В приливе вспыхнувшей нежной благодарности он сжал ей руку, обхватил за плечи, обдал ее шею горячим дыханием; и она поняла, что Федор оттаял, отмяк сердцем, избавился от угрюмой своей замкнутости, которая, не поймешь с чего, нет-нет да и накатывала вдруг на казака. И сердце у нее забилось потерянно, затрепетало, так остро кольнуло в нем от счастья — гляди-ка, какая трепетная нежность крылась в Федоре под суровостью-то! — задрожало все внутри у нее от малой той ласки, в голову будто хмель ударил.

…Река играла то серебром, то золотом; было тихо. Лишь всплески крупной рыбы доносились с реки.

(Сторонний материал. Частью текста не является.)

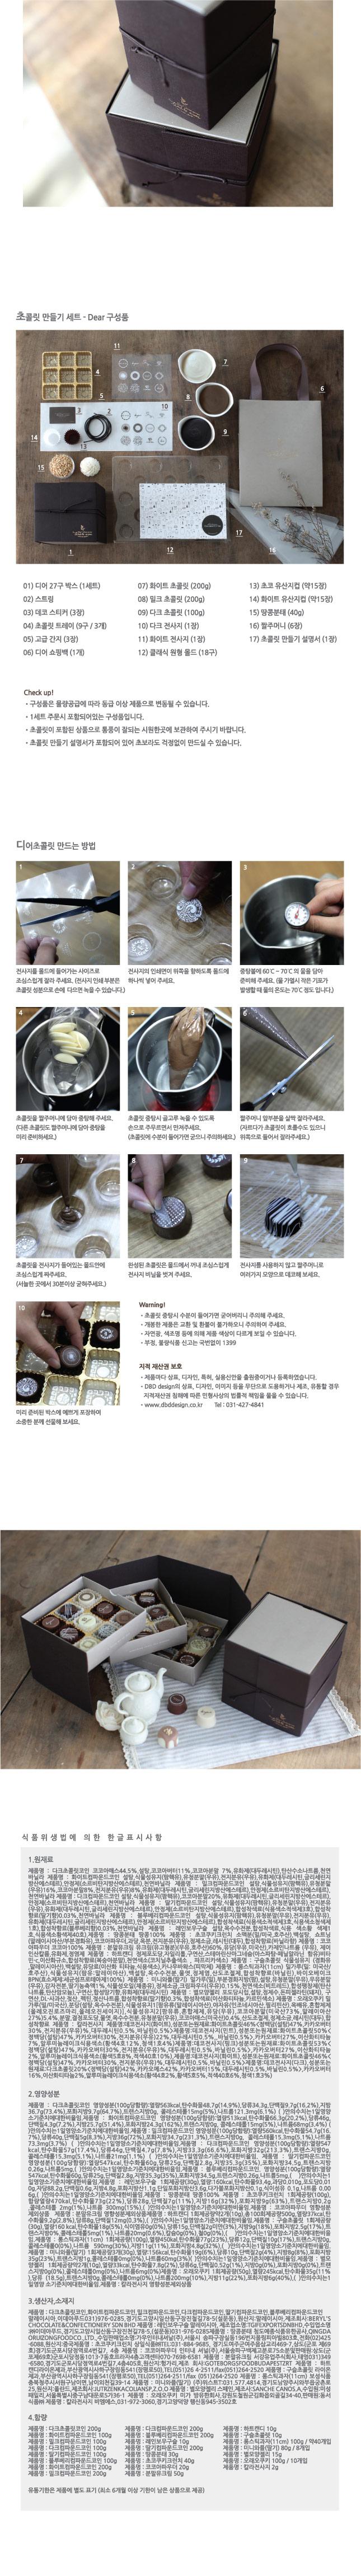 초콜릿 만들기 세트 - Dear - 디비디, 45,000원, DIY세트, 초콜릿 만들기

«Ушицу, что ль, из свежей рыбы сварганить? — подумал Федор, возвращаясь с небес на землю. — Старая-то лежалая, обрыдла уж, да и мало ее. До Кузнецкого едва ли хватит…»

* * *

У самой воды рос тальник. Федор нарезал тальниковых веток, выбрав лозины позеленей и погибче, и принялся плести морду. С привычной этой работой (любой малец в русском любом селенье самоловы плести научен) Дека управился быстро — Кинэ даже не успела вдоволь налюбоваться ловкостью Декиных рук, как самолов был готов. Федор прочел в ее глазах восхищение и, застеснявшись такого ее взгляда, стал плести следующую морду.

К обеду три морды лежали на дне: одну из них он спустил в тихое, поросшее камышами, приглубое место, вторую — поближе к перекату, а третью — в затравевшую заводь.

Каково же было ликование Кинэ, когда Федор, багровея от натуги, выволок одну за другой все три морды, набитые ленками, окунями и сорожками!

Весело взбулькивал на костре казанок с ухой, распространяя вокруг аппетитные запахи. Река бормотала в полутьме неназойливо, приглушенно, будто делясь с ними какими-то своими дремучими мыслями.

Федор слушал лопотанье воды, неустанно бегущей, спешащей в бессонном и вечном своем движении туда, к Кузнецку. И мысли его текли и спешили вместе с водой и подобно ей — плавно и обтекаемо, не останавливаясь, не задерживаясь ни на миг. Только мысли эти быстрее и стремительней любого течения. Они были уже далеко отсюда, мысли казака, — там, в Кузнецком остроге, его, Федора, крепости и детище, о котором казак как-то вдруг запамятовал, забыл за событиями последних суматошных месяцев. Дело, ради которого он голодал и терпел стужу, принял смертную почти рану, его дело — город, выстраданный и выстроенный им, — заявило, напомнило о себе, властно ворвалось в его думы. И чем ближе был казак к Кузнецку, тем чаще и подробнее размышлял о своем детище.

Он живо представил себе окутанный сумерками острог, сторожевых, негромко переговаривающихся в шалашах и на башнях, скрип дверей, чей-то смех, звяканье железа, кашель — те разные, живые, идущие от людей звуки, что создают невнятный, сплошной гуд, висящий над любым городищем. И ему с новой силой захотелось поскорее оказаться там, посреди всех этих привычных звуков и знакомых запахов, от которых он уже успел отвыкнуть и которые стал было уже за последние месяцы забывать.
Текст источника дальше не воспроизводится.